Rozważanie na I Niedzielę Adwentu, rok C1
 

Czuwajcie każdej chwili, modląc się o to, abyście byli zdolni wyjść cało z tego wszystkiego, co ma nastąpić, i stanąć przed Synem Człowieczym (Łk 21,36).

Wszystko wskazuje na to, że w grudniu po raz kolejny przeżyję koniec świata. Oczywiście nie będę sam, razem ze mną wiekopomne wydarzenie przeżyje cała rzesza ludzi, z których znaczna część nawet specjalnie się do owego końca przygotowywać nie będzie. Ja także tego nie uczynię, ponieważ nie bardzo wierzę w te doniesienia o kolejnej zbliżającej się nieuchronnie katastrofie, która według Majów ma nastąpić 21 grudnia. Podobne informacje pojawiały się już nieraz i jak zauważył na portalu wprost.pl Piotr Rodzik – ludzkość przepowiadała sobie swój koniec już ponad 200 razy.

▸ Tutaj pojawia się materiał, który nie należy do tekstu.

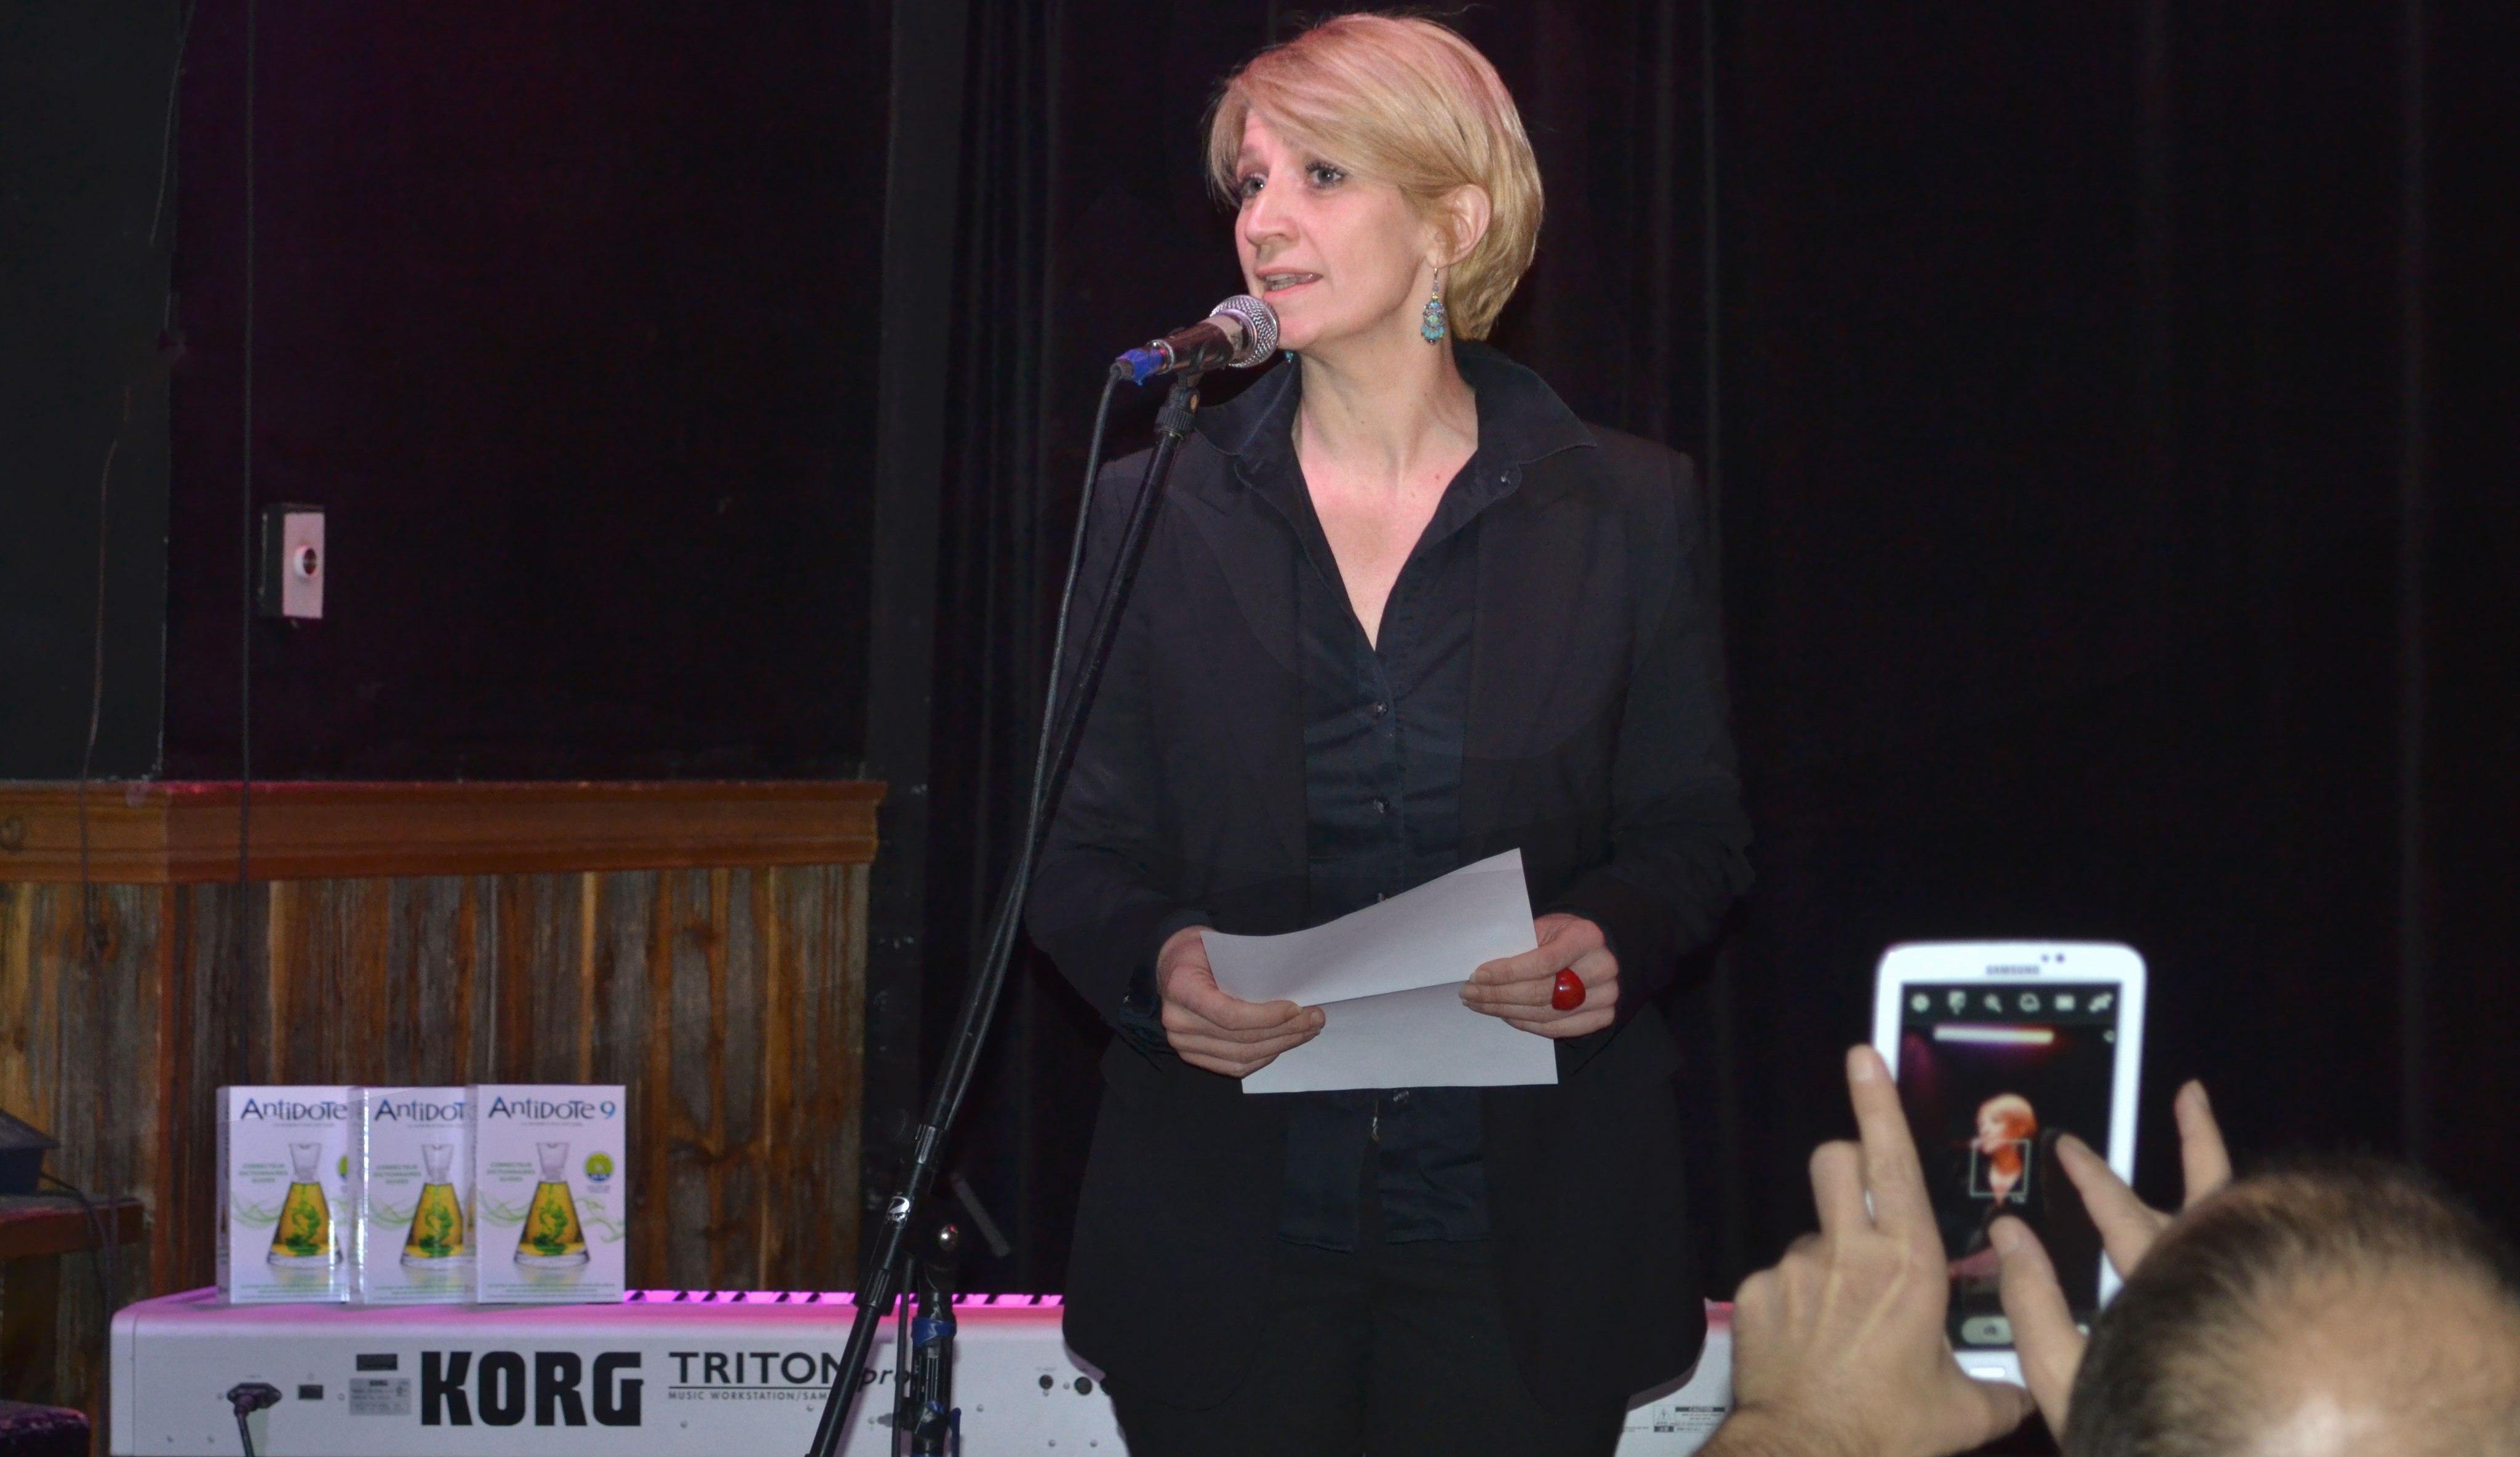 Carole Renaud, poète : « Le Québec donne des ailes pour suivre son cœur »

Czy promowana obecnie przepowiednia na pewno będzie tą ostatnią, właściwą? Wątpię. I wierzę, że nie jestem w swej opinii osamotniony. Niestety jednak, jest też spora grupa ludzi, którzy na takie wieści jest bardzo podatna. A i media potrafią umiejętnie wpływać na czytelników, potęgować napięcie, budzić w nich strach. Na łamach prasy przeczytać możemy nawet, jak ów kataklizm może wyglądać, jak się do niego przygotować, gdzie się przed nim schronić. Na wielu to działa.

Jak doniósł Super Express należący do przodowników w informowaniu o zbliżającej się katastrofie, niestety, na niektórych te apokaliptyczne informacje działają nawet tak, że targają się oni na życie swoje oraz bliskich. To podobno właśnie strach przed końcem świata kazał Mirosławowi G. z Koszalina zrzucić z balkonu swoją siedmioletnią córeczkę, a następnie skacząc za nią, usiłować zabić i siebie. Na szczęście oboje przeżyli. Co ciekawe, według Super Expressu przed tragicznym zdarzeniem Mirosław G. zwrócił się rzekomo ku Bogu. “Miewał lęki, przerażało go obecne życie, wydawało się, że ratunek i nadzieję znalazł w modlitwie. Był religijny jak nigdy dotąd”. Wydawało się.

W jednej ze swych powieści Raymond Chandler stwierdził, że “wiemy diabelnie mało o tym, co siedzi w środku człowieka, nawet jeśli chodzi o naszych najbliższych przyjaciół”. Chandler ma rację. Warto pamiętać, że postępowanie innych osób nie zawsze będzie dla nas zrozumiałe, ale nie znaczy to też, że nie możemy próbować się nawzajem zrozumieć, tłumaczyć.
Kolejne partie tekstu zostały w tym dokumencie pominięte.